# Thread: Finding two numbers using their difference and their percentages of their sum

1. ## Finding two numbers using their difference and their percentages of their sum

I know I've studied this before, but for whatever reason I can't figure it out. I want to find two positive numbers. What I know is the difference between them and the percentages of their sum that they represent. I've been tinkering around and I came up with a formula that finds some relation, but doesn't get me to solve for those two numbers. Here's what I've been toying around with:

H = D + S(1 - P)

Where:
H = the higher number
D = the difference of the two numbers
S = the sum of the two numbers
P = the higher number's percentage of the sum of the two numbers

I feel like I'm on the wrong track by going about it this way, but what I've been trying to do with this is get all possible D's and P's on one side and H's and S's on the other. I can't seem to make that happen without creating duplicate variables that I can't formulate out. I start going all over the place like this:

H = D + S(1 - P)
H - D = S(1 - P)
(H - D)/(1 - P) = S
(H - D)/S = 1 - P
H/S - D/S = 1 - P
H/S = (1 - P) + D/S (has H and S on one side, but duplicates S on the other)

Like I said, I'm probably going about this all wrong, but I would like a start in the right direction.

2. let the two numbers be $\displaystyle x$ and $\displaystyle y$ such that $\displaystyle x > y$

first, you know the difference ... $\displaystyle d = x - y$

second, you know the percentage the higher number is of the sum ... $\displaystyle p = \frac{x}{x+y}$ , where $\displaystyle p$ is the percentage represented as a decimal.
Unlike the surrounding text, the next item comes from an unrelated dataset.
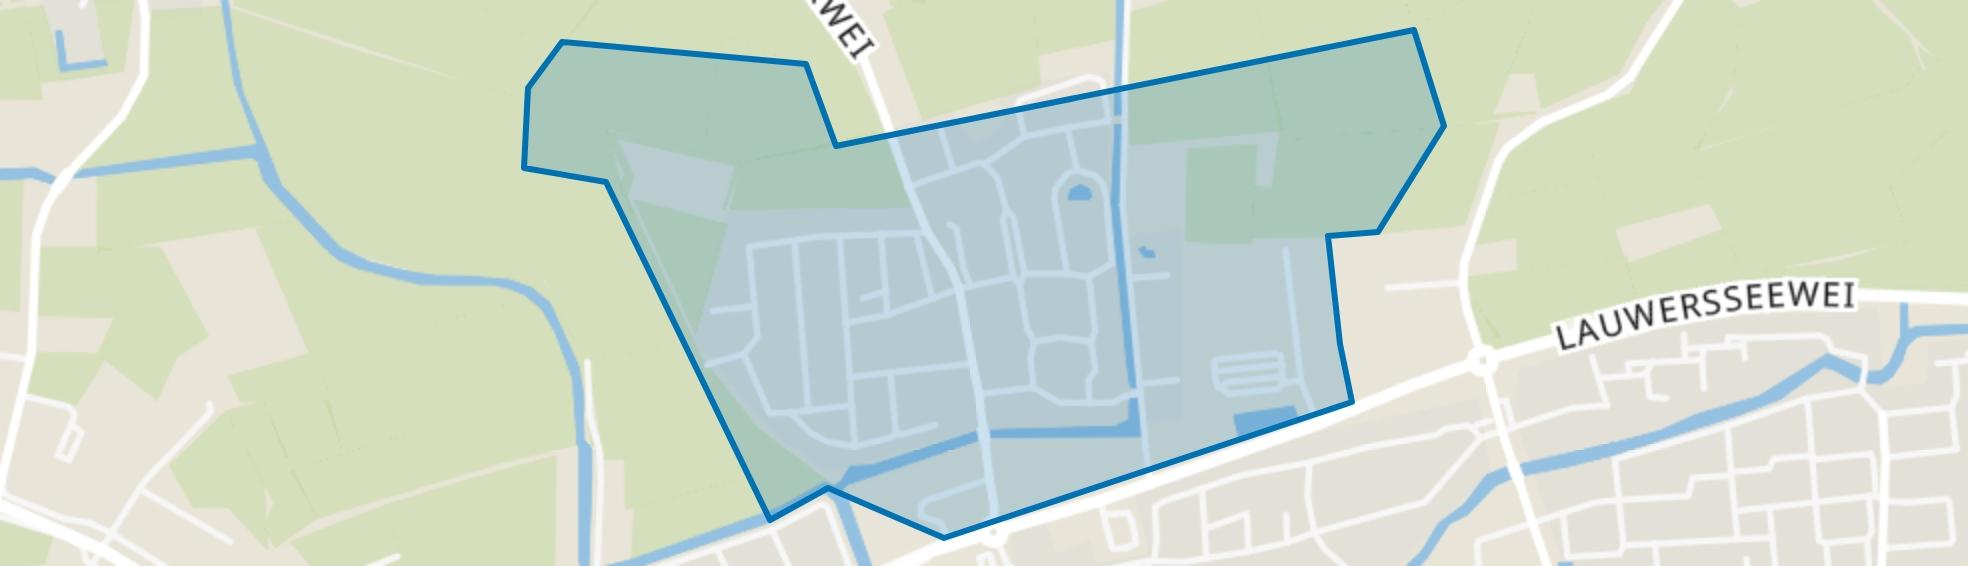 Dokkum Weeshuislanden, Dokkum map
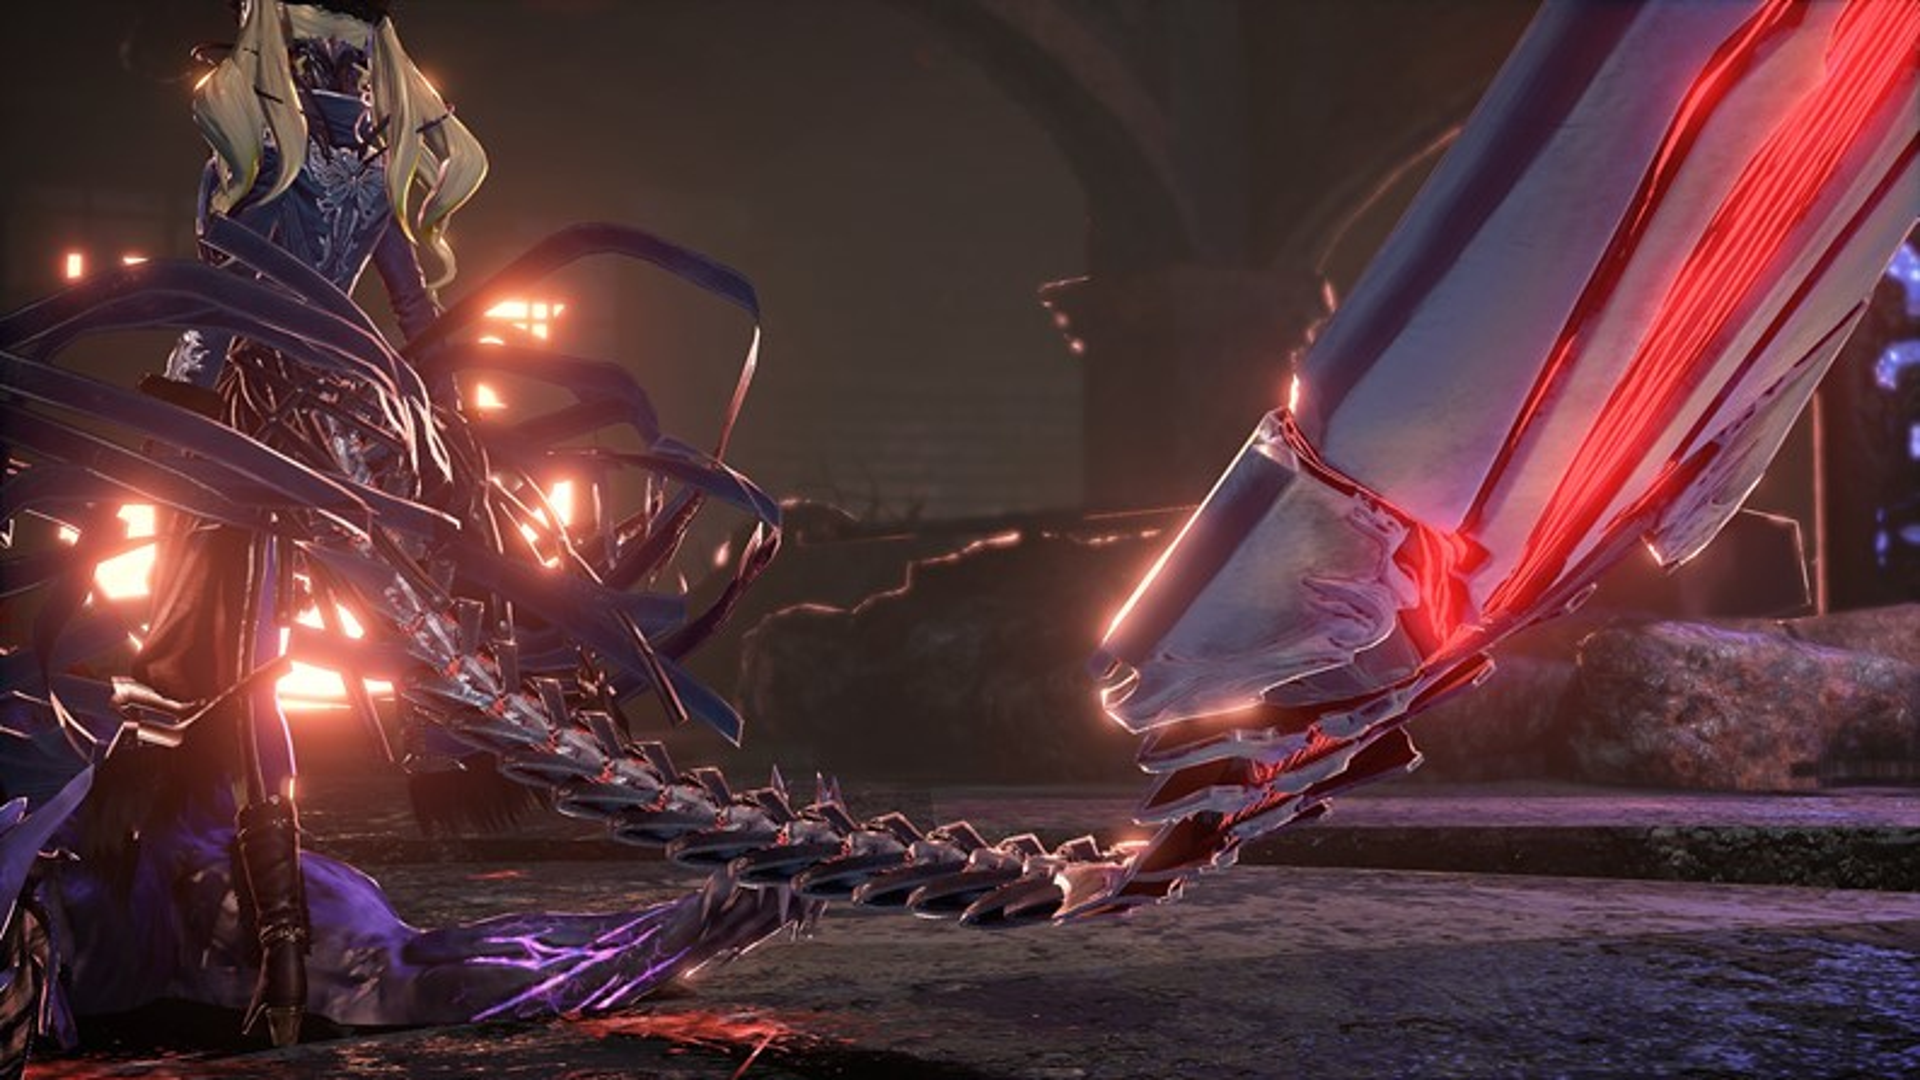 Code Vein enfim ganha seu primeiro trailer com elementos de gameplay

solve for $\displaystyle y$ in the difference equation ... $\displaystyle y = x - d$

substitute $\displaystyle (x - d)$ into the percentage equation for $\displaystyle y$ ...

$\displaystyle p = \frac{x}{x+(x-d)} = \frac{x}{2x-d}$

solve for $\displaystyle x$ ...

$\displaystyle p(2x-d) = x$

$\displaystyle 2px - pd = x$

$\displaystyle 2px - x = pd$

$\displaystyle x(2p - 1) = pd$

$\displaystyle x = \frac{pd}{2p-1}$

use $\displaystyle y = x - d$ to determine $\displaystyle y$

3. Of course! Differences, sums, and percentages are just representations of math problems one step deeper. I should have known. And knowing x gives me y. Thank you!

4. Originally Posted by Khavanon
Of course! Differences, sums, and percentages are just representations of math problems one step deeper. I should have known. And knowing x gives me y.
Yep. You have to find H (high number) and L (low number).
You're given D (difference) and P (percentage of H to sum)

H = PD / (2P - 1)
L = H - D